_Task brief_. All lines in the records below that hold "with" are to be shown.

━━━ Source data

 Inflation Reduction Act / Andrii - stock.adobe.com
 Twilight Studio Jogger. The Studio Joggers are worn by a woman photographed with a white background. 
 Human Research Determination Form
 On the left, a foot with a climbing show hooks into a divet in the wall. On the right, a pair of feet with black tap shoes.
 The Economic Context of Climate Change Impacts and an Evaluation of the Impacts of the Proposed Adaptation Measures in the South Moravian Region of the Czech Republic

━━━━━━

_Result of this exercise_.
 Twilight Studio Jogger. The Studio Joggers are worn by a woman photographed with a white background. 
 On the left, a foot with a climbing show hooks into a divet in the wall. On the right, a pair of feet with black tap shoes.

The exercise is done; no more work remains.